═════ Source material
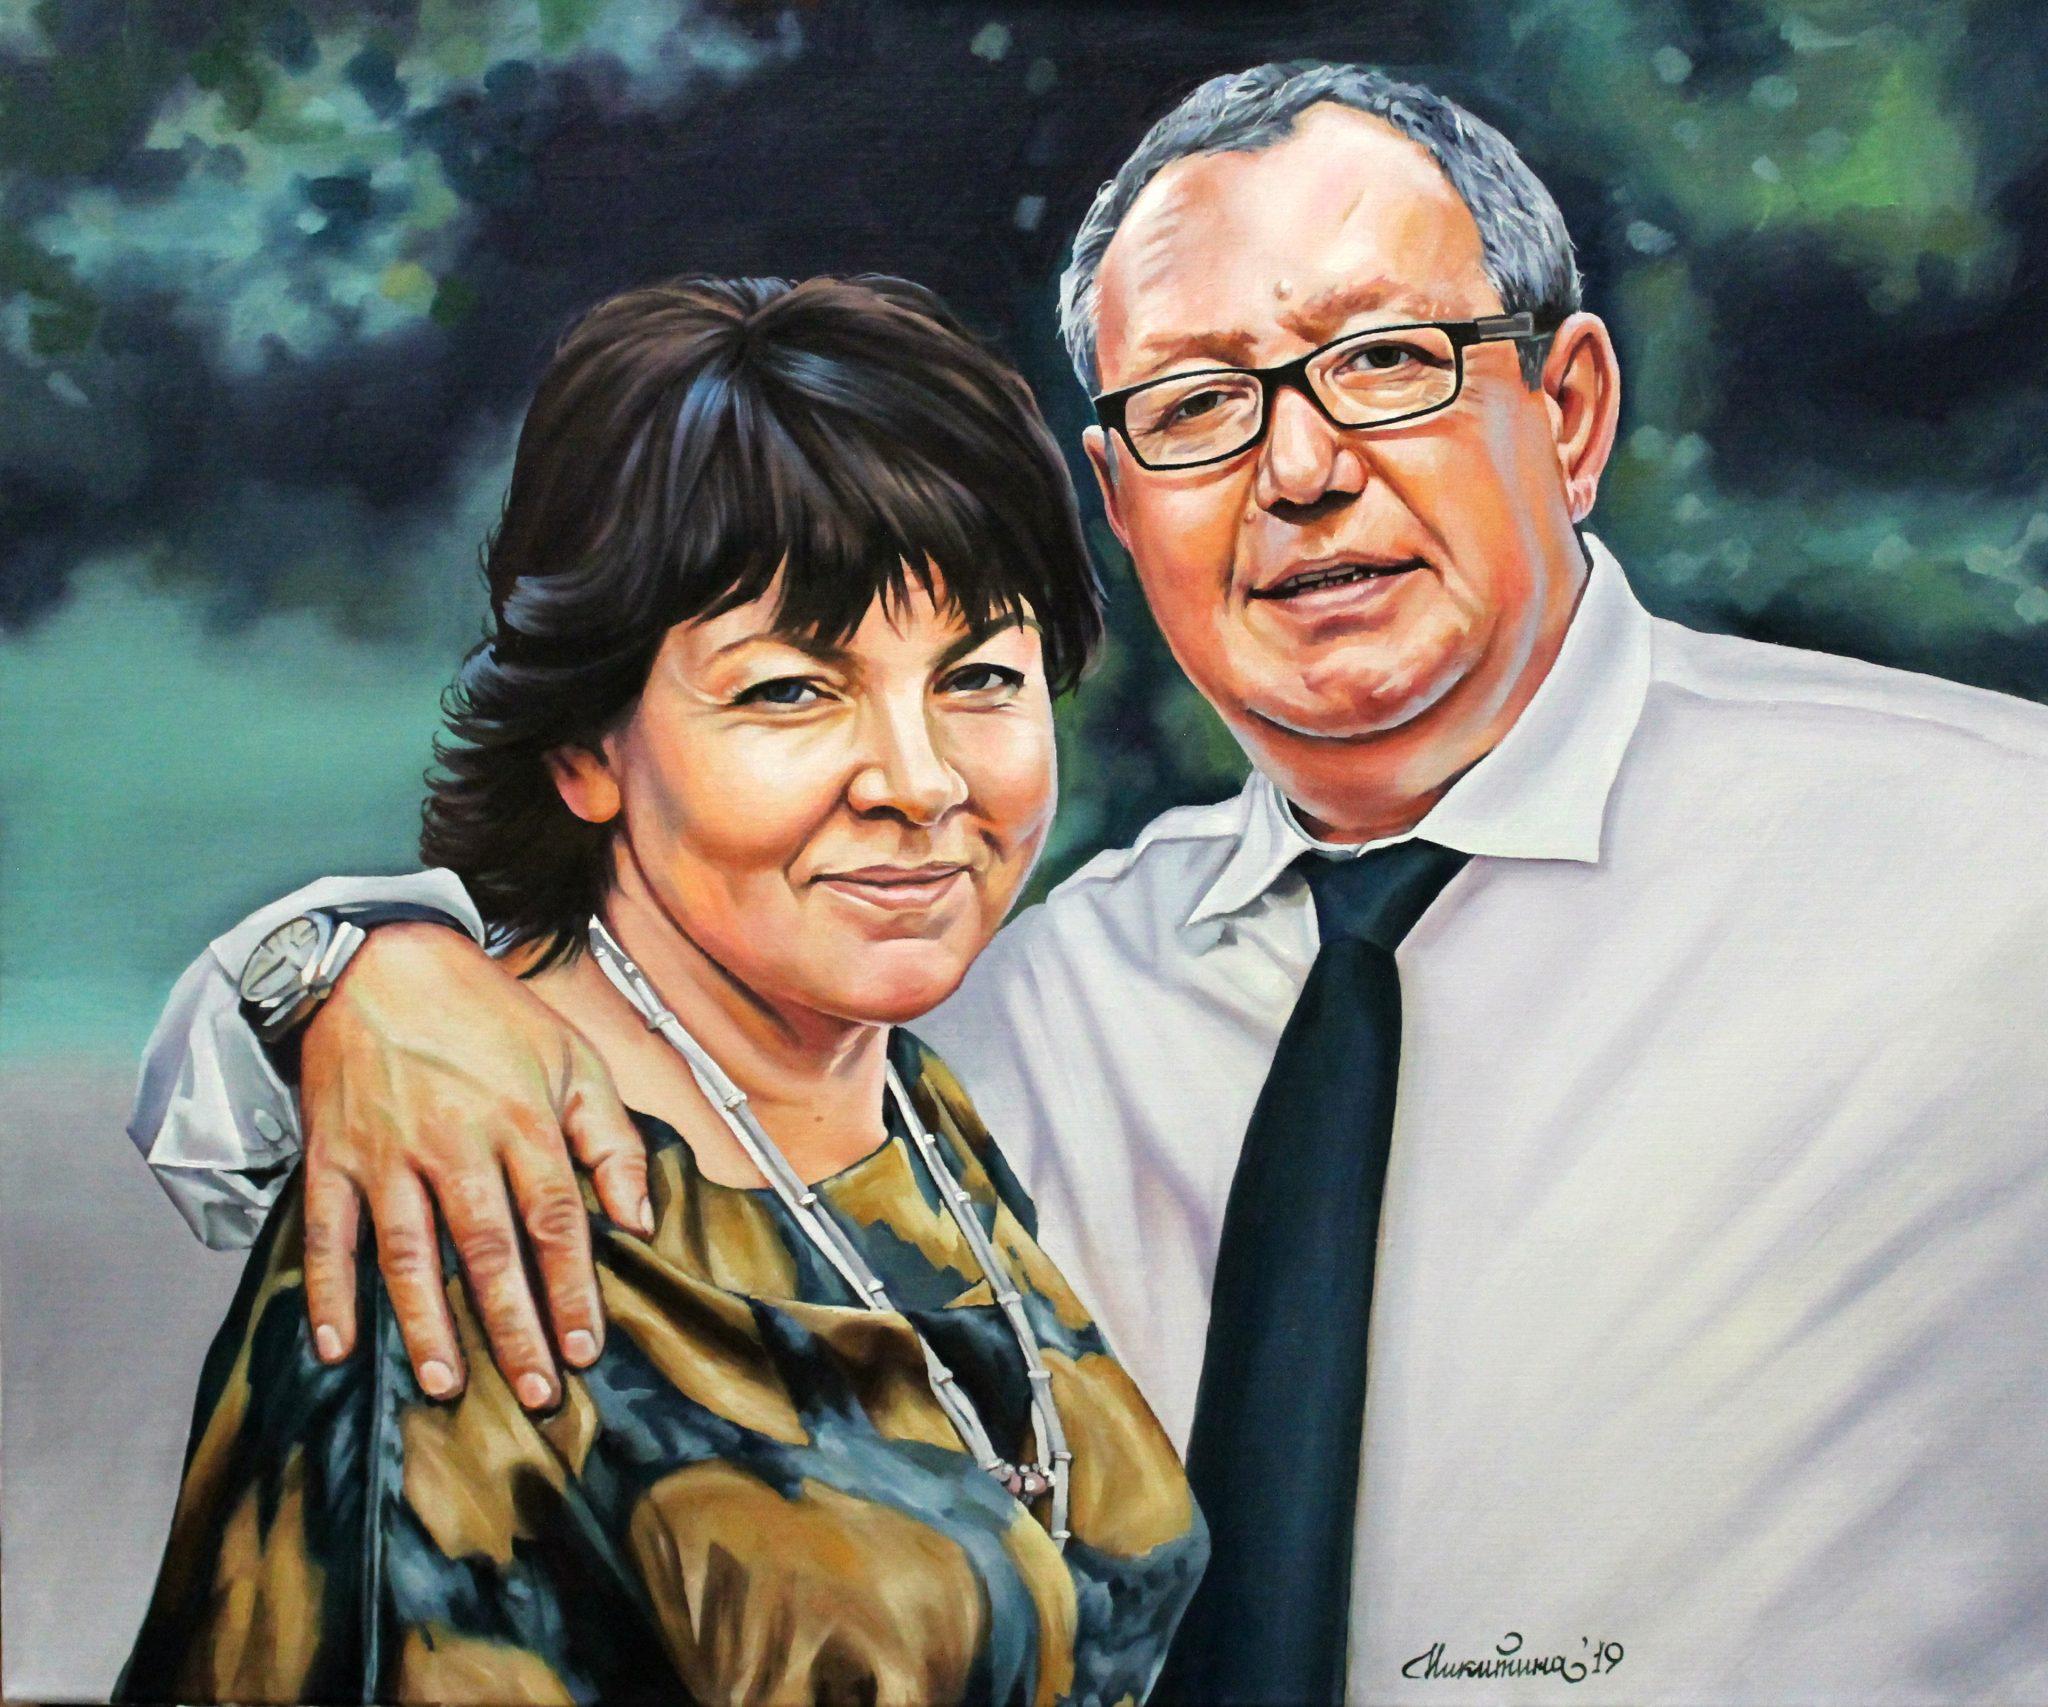 Семейный портрет, 2019г., Холст, масло 50х60 см
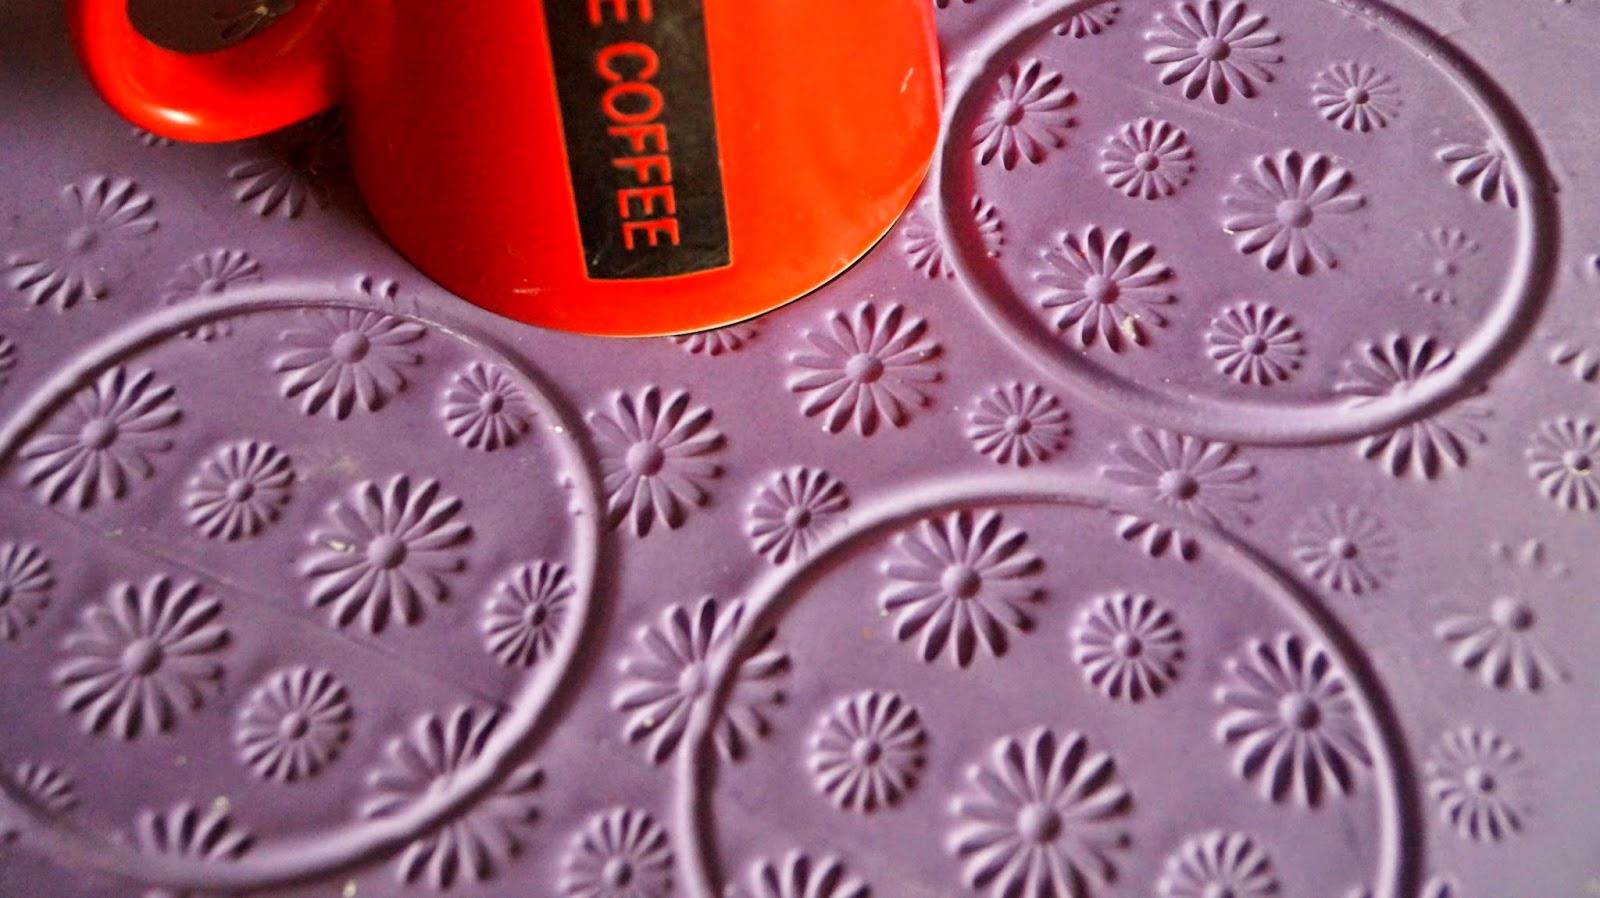 http://cupcakeluvs.blogspot.dk/2015/02/purple-inspiration-purple-dreams-cupcake.html
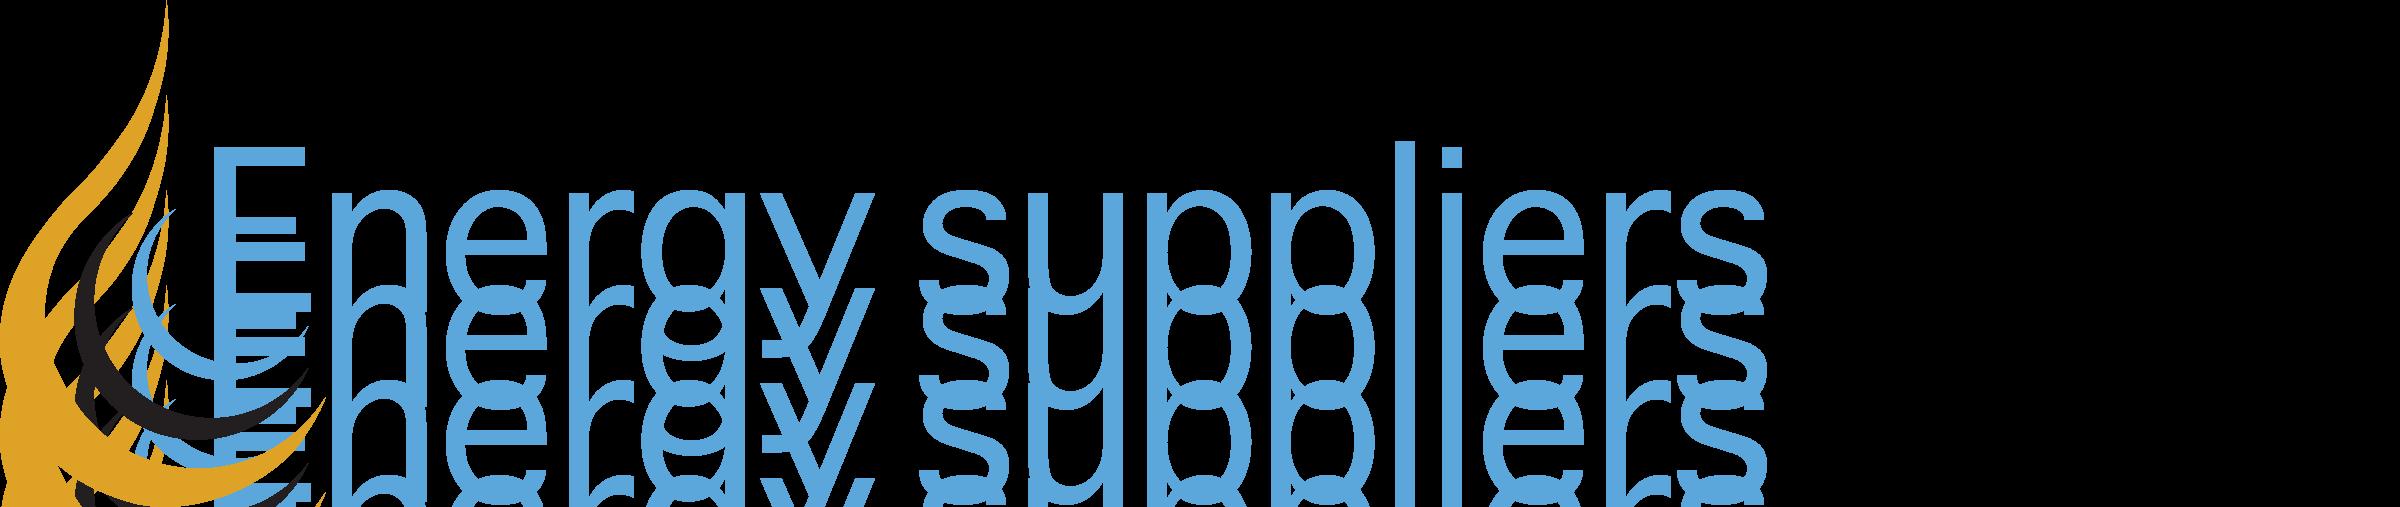 EnergySuppliersLogo
══════════
» **Task description**:
Should there be pictures in the data, leave them out and return the rest exactly.

» **Result of this exercise**:
 Семейный портрет, 2019г., Холст, масло 50х60 см
 http://cupcakeluvs.blogspot.dk/2015/02/purple-inspiration-purple-dreams-cupcake.html
 EnergySuppliersLogo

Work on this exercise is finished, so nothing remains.